◆ Task prompt ◆
Write out the lines below once more, exactly as they appear. Do not include pictures.

━━ Dataset section ━━

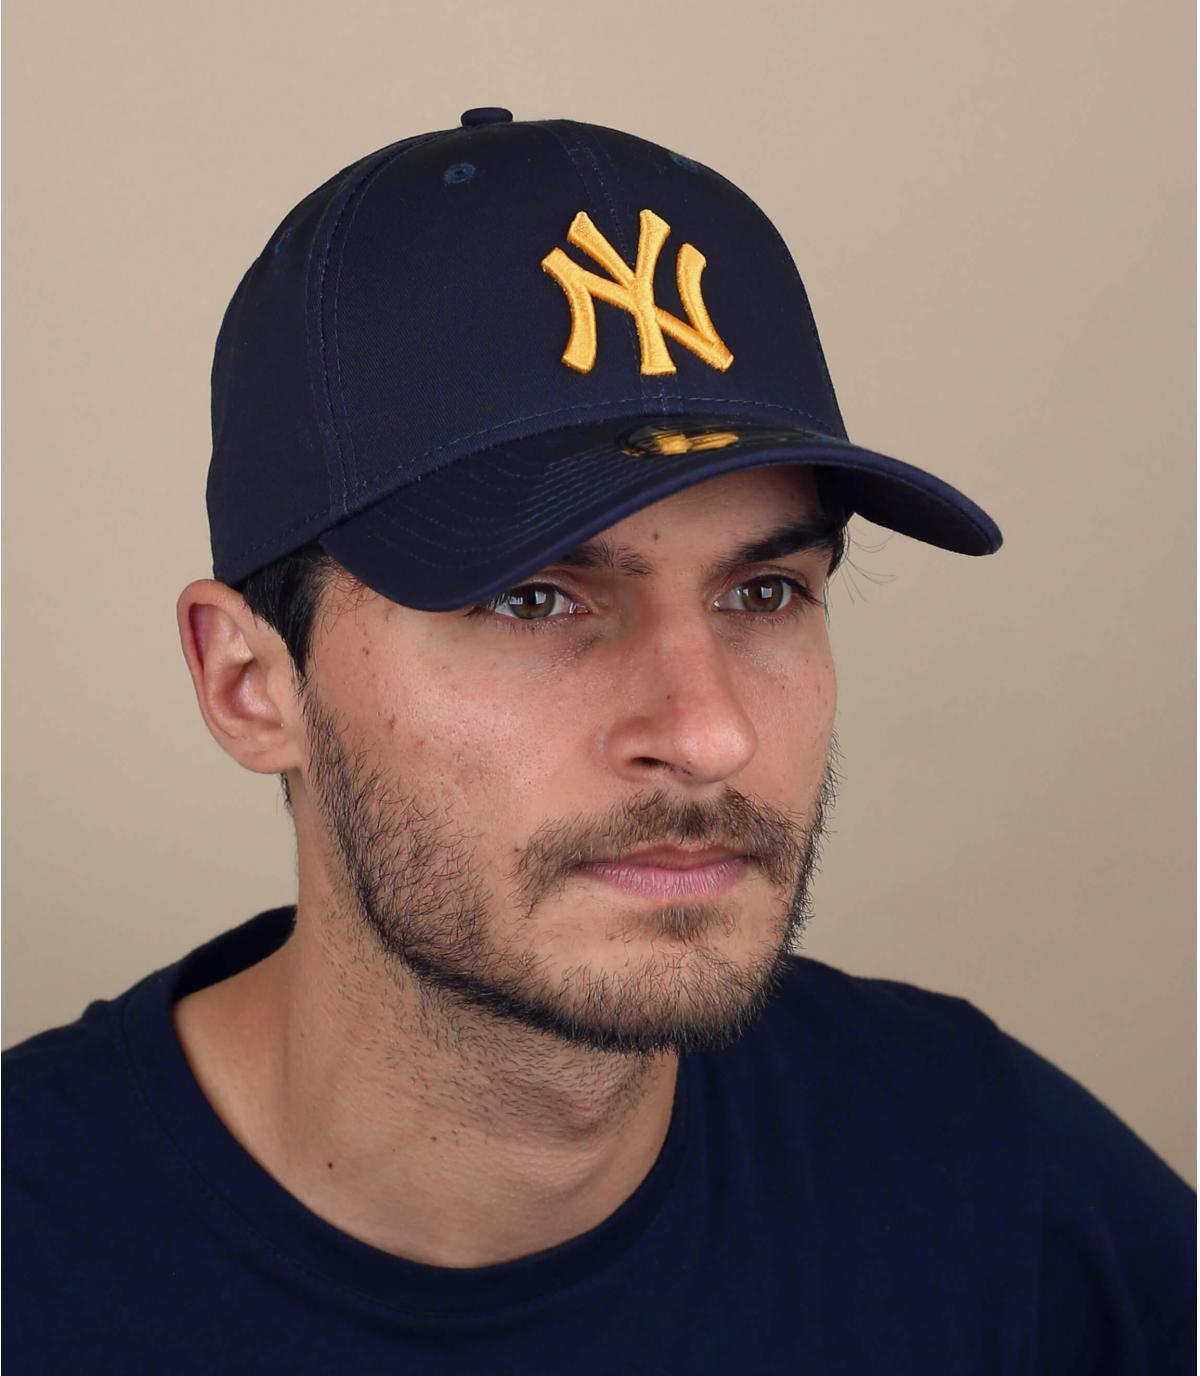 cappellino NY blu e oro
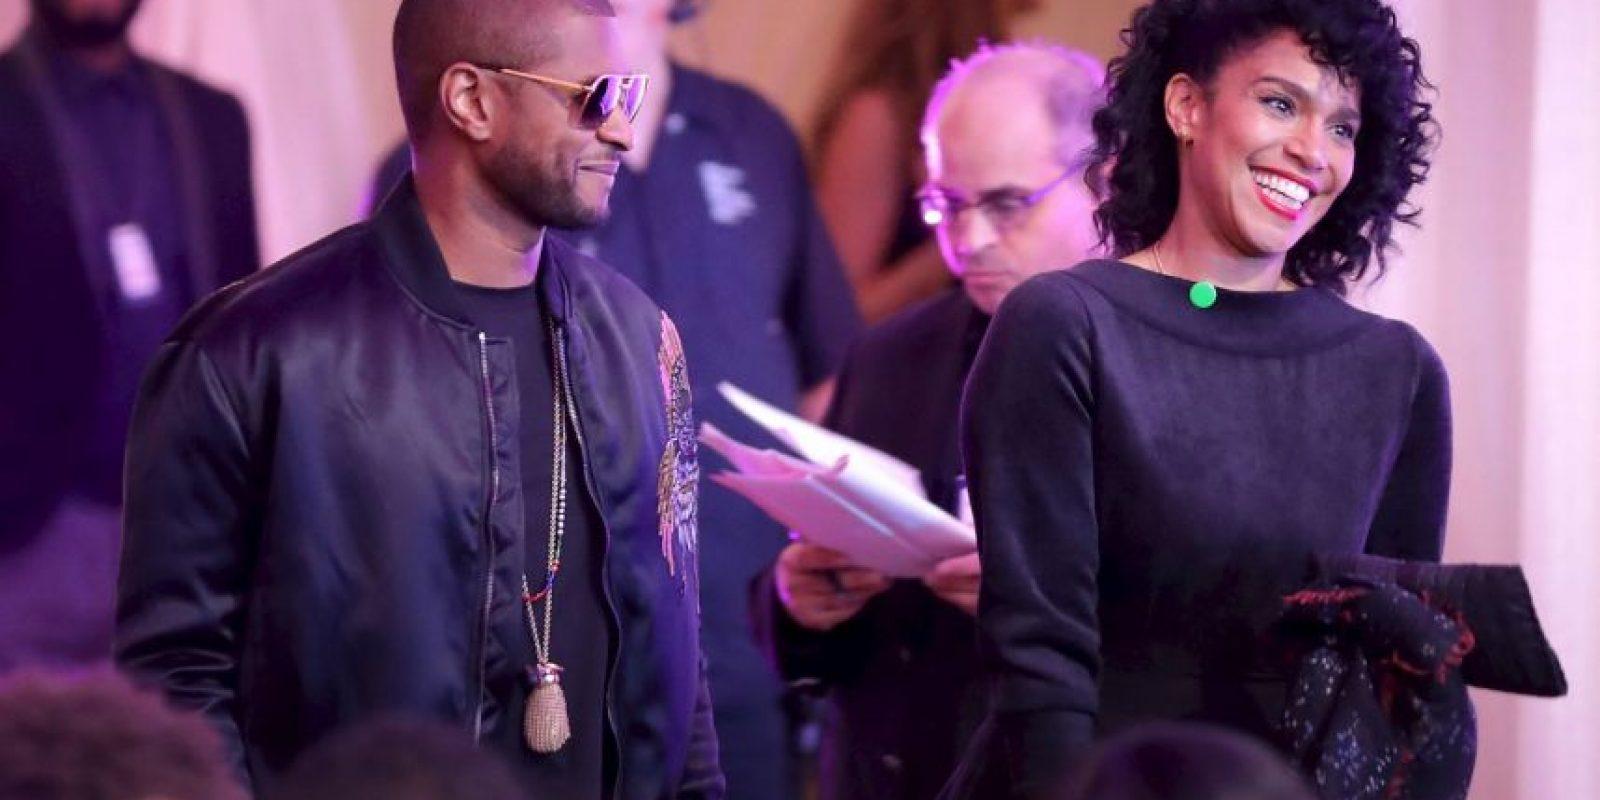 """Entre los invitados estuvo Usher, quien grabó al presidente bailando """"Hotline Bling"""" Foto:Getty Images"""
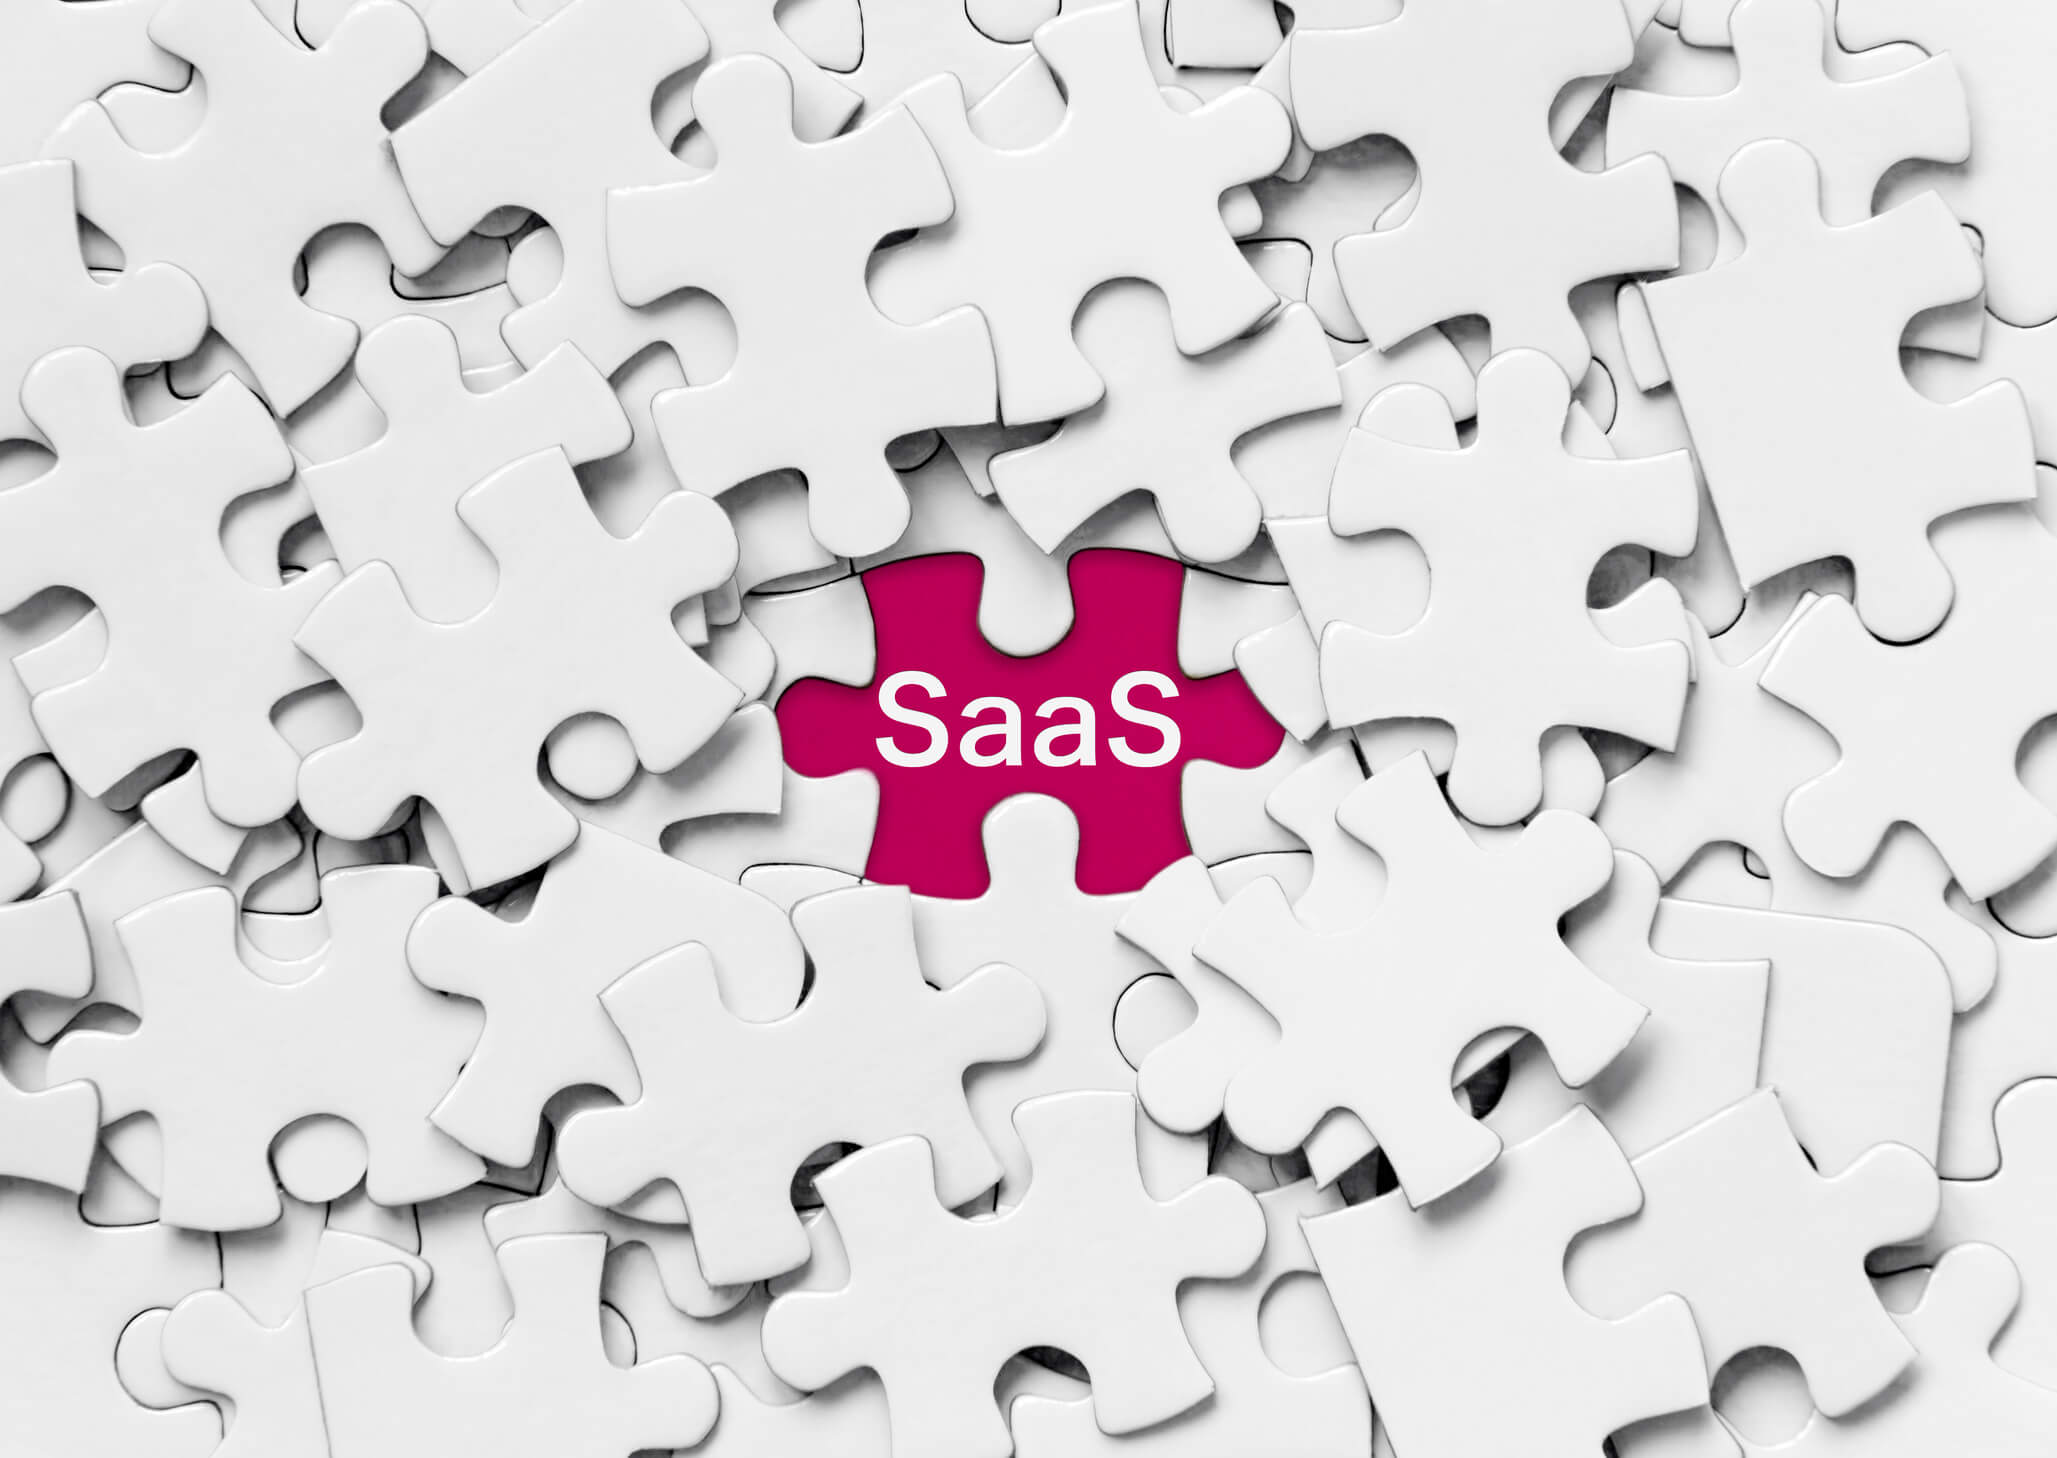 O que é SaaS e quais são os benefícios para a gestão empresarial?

━━━

◆ Task output ◆
 cappellino NY blu e oro
 """Entre los invitados estuvo Usher, quien grabó al presidente bailando """"Hotline Bling"""" Foto:Getty Images"""
 O que é SaaS e quais são os benefícios para a gestão empresarial?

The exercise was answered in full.